"VR and AR technologies are a novel means to communicate and have potential for supplementing radiology training; communicating with colleagues, referring clinicians, and patients; and aiding in interventional radiology procedures," wrote Dr. Raul Uppot from Massachusetts General Hospital; Dr. Jesse Courtier from the University of California, San Francisco; Dr. Eliot Siegel from the University of Maryland Medical Center; and colleagues.
In their review, Uppot and colleagues discussed the potential benefits of VR and AR applications, all of which the radiologists are currently exploring at one or more of their institutions:
- Supplementing radiology training and education: Unlike textbooks and online learning modules, virtual reality immerses learners in a virtual world that increases their presence within the learning activity. The ability to see 3D models and medical images in a physical environment boosts active participation and can facilitate experiential learning, the authors noted.
Perhaps better still, augmented reality allows users to interact with 3D models superimposed on a real-world background. Clinicians can produce these models by using open-source or commercially available software to convert DICOM images into 3D object files and then use these files to create holograms with AR software such as Apple's ARKit.
The research group's different institutions have been using AR technology to supplement radiology education for medical students and residents through interactive lectures for the past two years. They have developed AR programs to train interventional radiology residents on how to perform a variety of procedures -- from simple paracentesis to vertebral augmentation.
What's more, VR and AR have allowed clinicians to familiarize themselves with expensive equipment before it goes into clinical use, as well as practice interventional radiology procedures in realistic simulations.
3D skull model visualized using an augmented reality smartphone app and a Merge Cube. Video courtesy of Dr. Jesse Courtier.
- Bolstering physician communication: The enhanced depth perception, increased field-of-view (100° for a VR display, compared with 30° for a 2D display), and the option of using gestures to manipulate images offer advantages to radiologists reviewing 3D images.

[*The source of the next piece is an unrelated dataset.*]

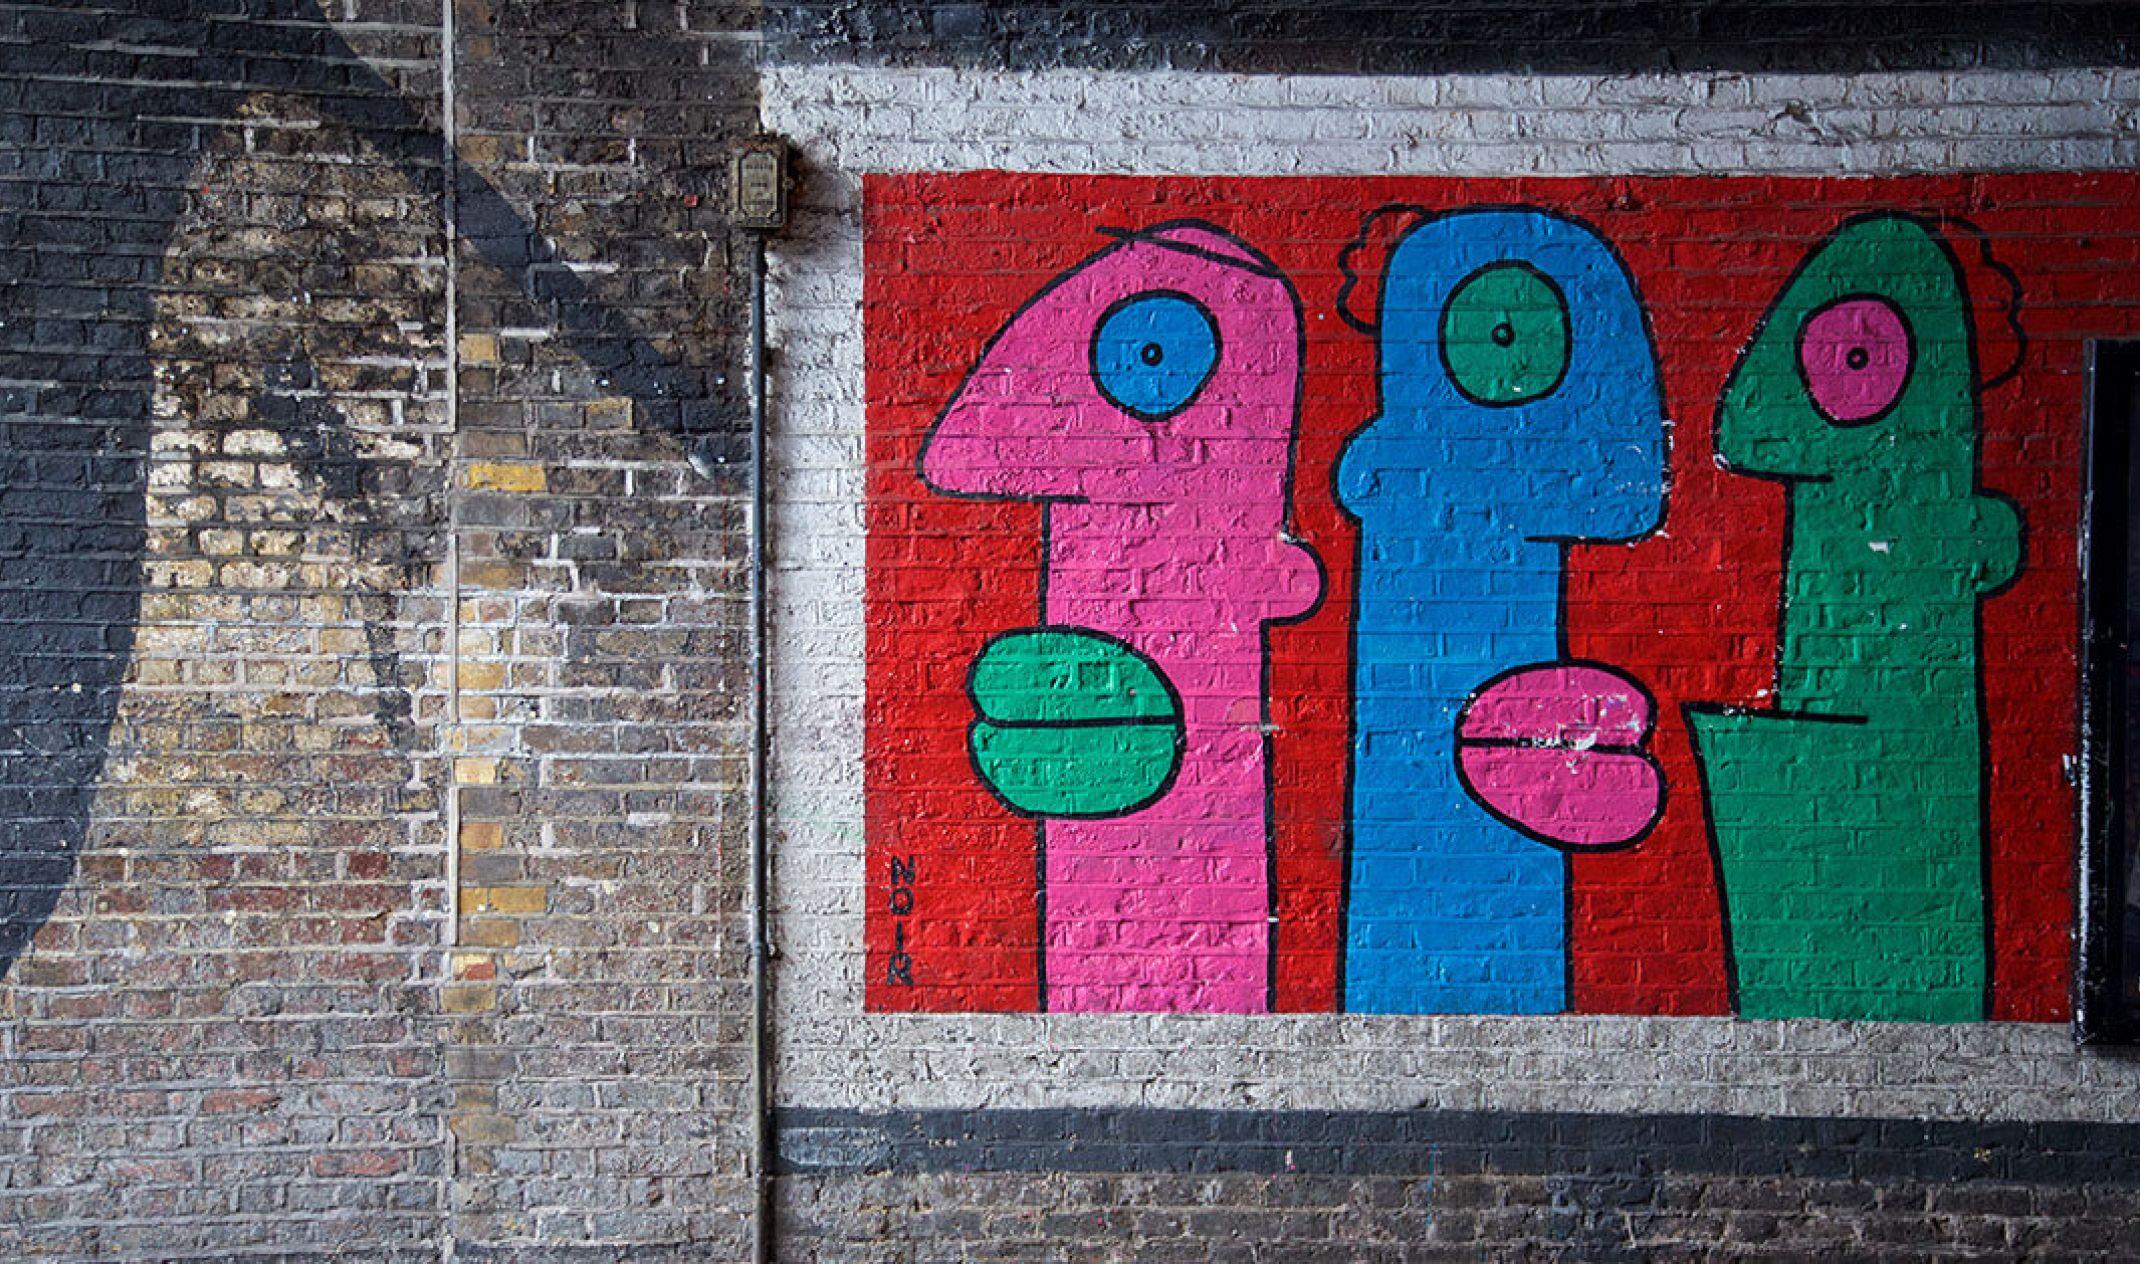 wall of graffiti with three heads

These benefits are particularly relevant for a surgical team, often including a radiologist and surgeon, that needs to plan a complex surgery. Using AR, multiple clinicians can view the same patient-specific 3D anatomical model with high spatial representation and discuss ideal treatment routes, without being in the same physical location.
- Improving patient education: Examining 3D models in VR and AR has also proved useful in helping patients understand their own anatomic and pathologic features, as well as treatment options.
For example, some hospitals have been offering patients a stereoscopic viewer that they can attach to their smartphone to become oriented with an interventional radiology procedure and the surgical suite -- minimizing their anxiety before undergoing the operation.
Stereoscopic viewer attached to a smartphone for visualizing augmented reality 3D models. Image courtesy of Dr. Raul Uppot.
- Facilitating interventional radiology procedures: More recently, the researchers have used AR technology to overlap diagnostic images of lesions -- based on a fusion of MRI, ultrasound, and CT data -- directly onto the patient during a procedure. Several preliminary studies have demonstrated the potential of these AR projections to improve the accuracy of tasks such as pedicle screw placement and needle insertion.
The widespread use of virtual reality and augmented reality in radiology is restricted by the relatively high costs of these technologies and the limited availability of content, although costs have been decreasing and the library of digital content continues to grow, the authors noted.
"Further technical innovations enabling further miniaturization of hardware and greater reliability of registration of images will allow these technologies to redefine procedural planning and patient engagement," they wrote.